Learn how to install, upgrade, and uninstall NGINX Gateway Fabric in a Kubernetes cluster using Helm.

Important:
NGINX Plus users that are upgrading from version 1.4.0 to 1.5.0 need to install an NGINX Plus JWT Secret before upgrading. Follow the steps in the Before you begin section to create the Secret. If you use a different name than the default nplus-license name, specify the Secret name by setting --set nginx.usage.secretName=<secret-name> when running helm upgrade.

Before you begin

To complete this guide, you’ll need to install:

  • kubectl, a command-line tool for managing Kubernetes clusters.
  • Helm 3.0 or later, for deploying and managing applications on Kubernetes.
Important:
If you’d like to use NGINX Plus, some additional setup is also required:
NGINX Plus JWT setup
Note:

For security, follow these practices with JSON Web Tokens (JWTs), passwords, and shell history:

  1. JWTs: JWTs are sensitive information. Store them securely. Delete them after use to prevent unauthorized access.

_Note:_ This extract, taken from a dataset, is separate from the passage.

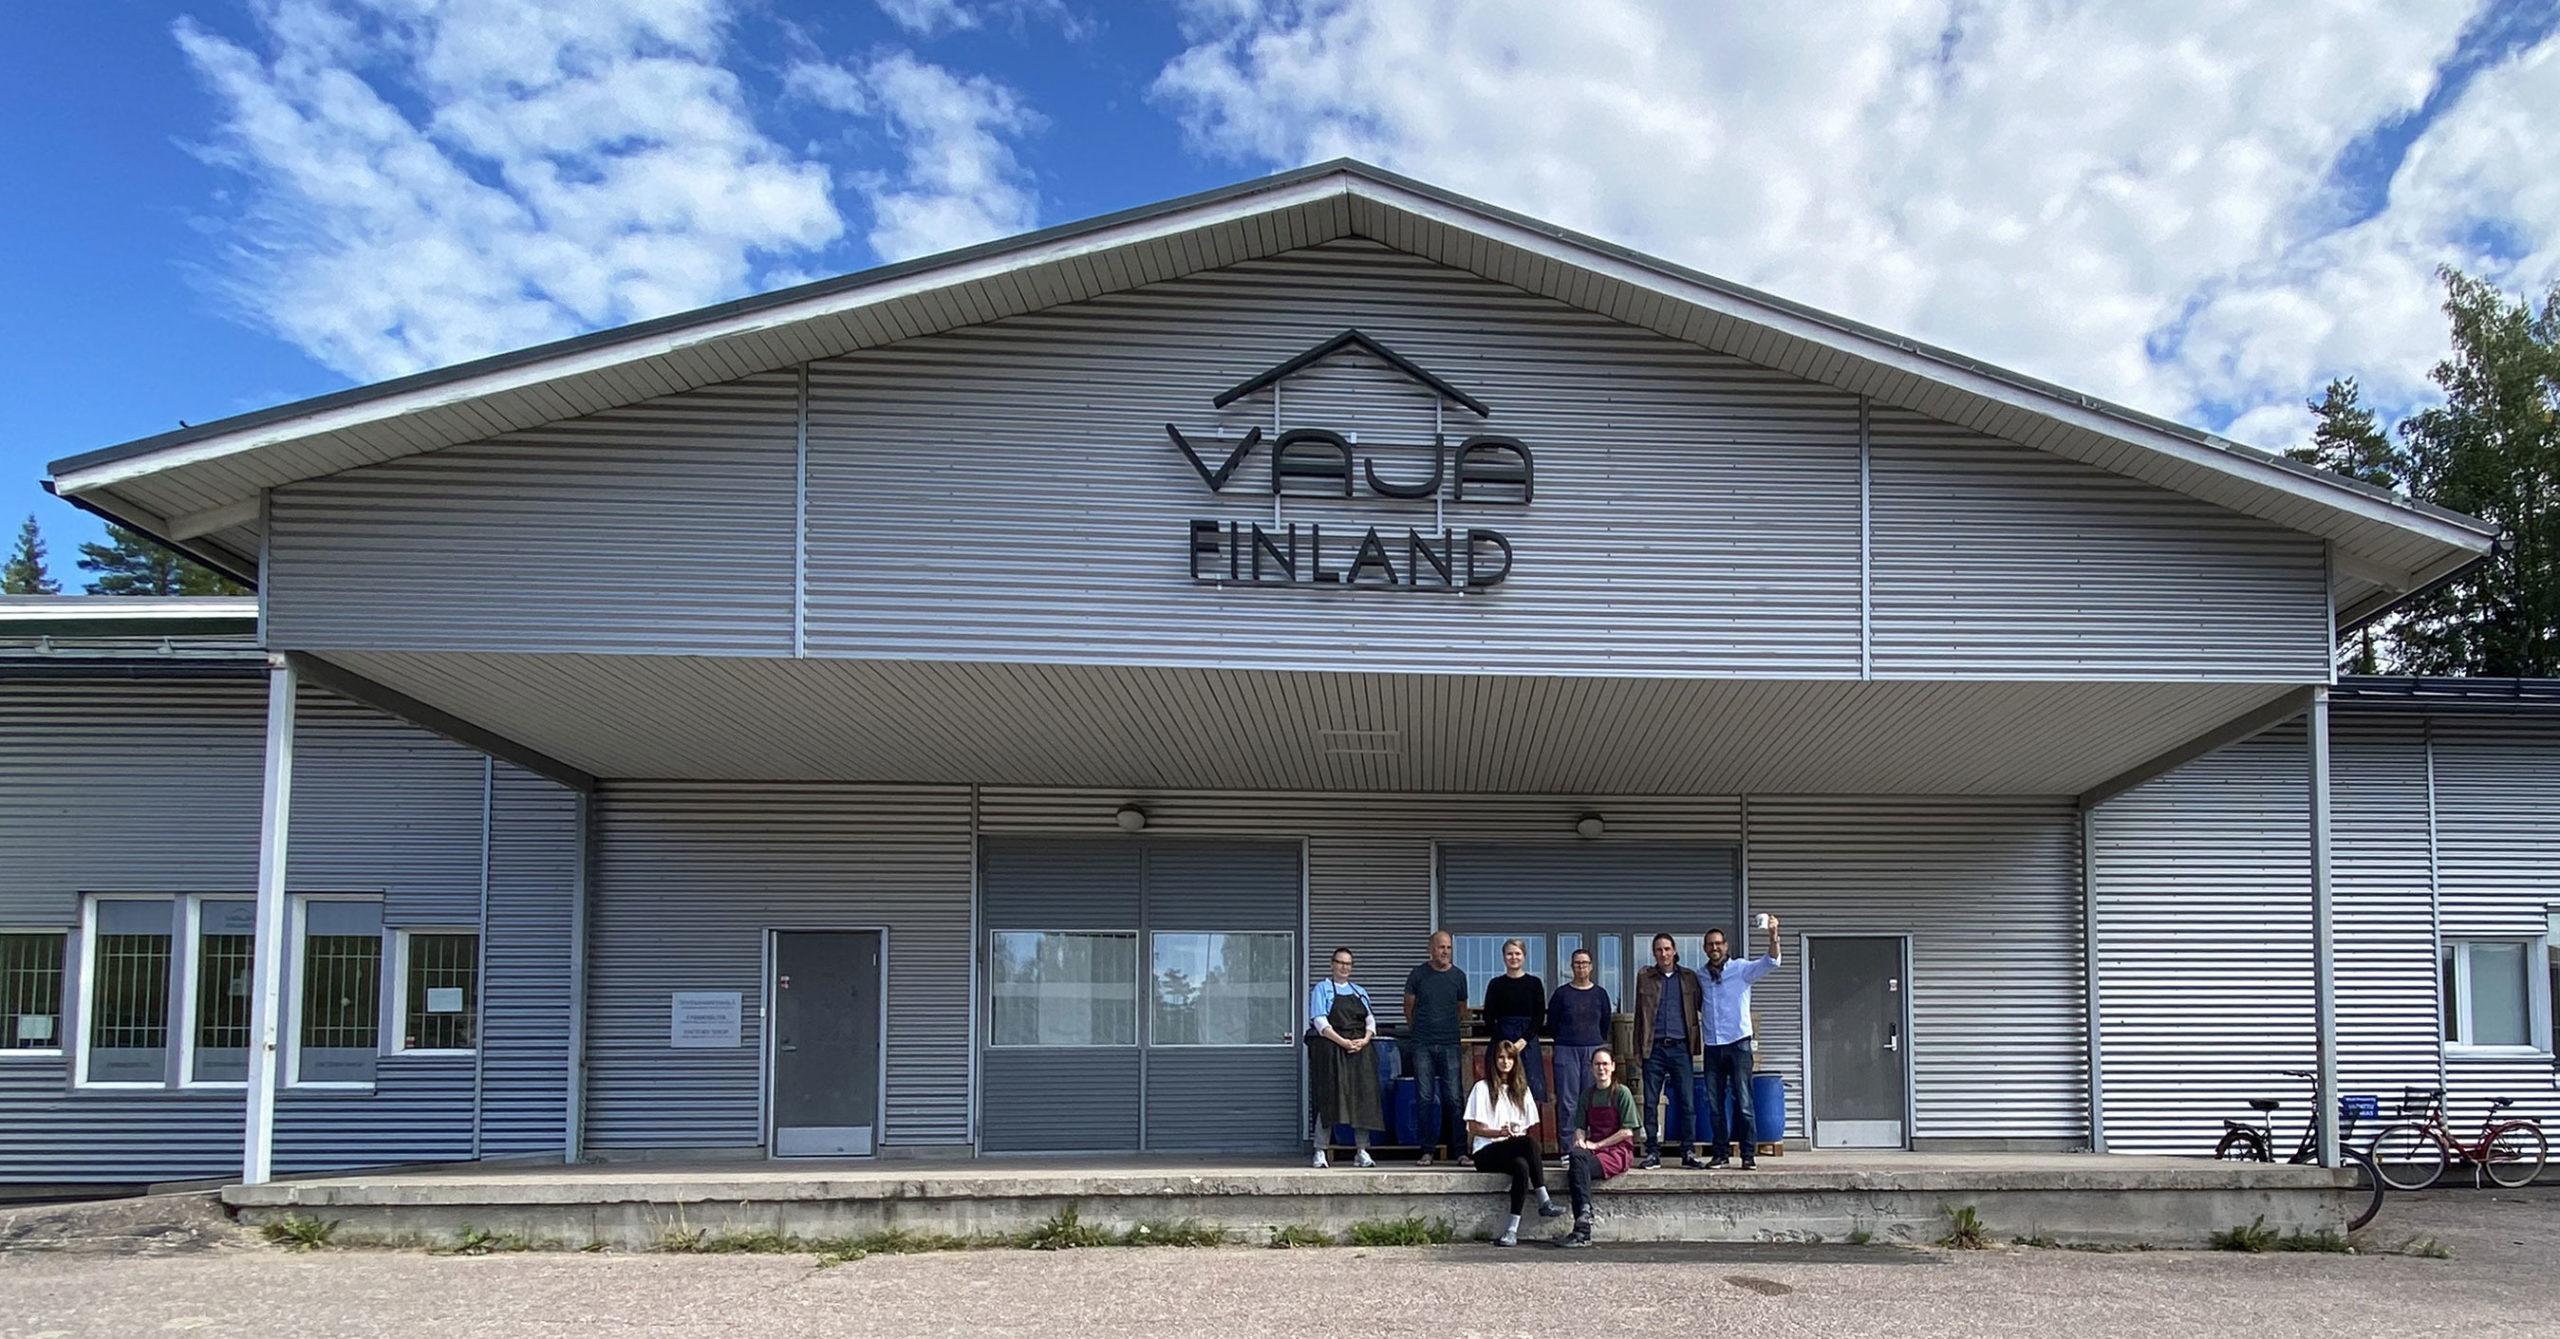 vajafinland_team-3_reso-300_blog

  2. Shell history: Commands that include JWTs or passwords are recorded in the history of your shell, in plain text. Clear your shell history after running such commands. For example, if you use bash, you can delete commands in your ~/.bash_history file. Alternatively, you can run the history -c command to erase your shell history.

Follow these practices to help ensure the security of your system and data.

1. Download the JWT from MyF5

  1. Log in to MyF5.
  2. Go to My Products & Plans > Subscriptions to see your active subscriptions.
  3. Find your NGINX products or services subscription, and select the Subscription ID for details.
  4. Download the JSON Web Token (JWT) from the subscription page.
Note:
The Connectivity Stack for Kubernetes JWT does not work with NGINX Plus reporting. A regular NGINX Plus instance JWT must be used.

2. Create the Docker Registry Secret

Note:
If you would rather pull the NGINX Plus image and push to a private registry, you can skip this specific step and instead follow this step.

If the nginx-gateway namespace does not yet exist, create it:

kubectl create namespace nginx-gateway

Create a Kubernetes docker-registry secret type using the contents of the JWT as the username and none for password (as the password is not used). The name of the docker server is private-registry.nginx.com.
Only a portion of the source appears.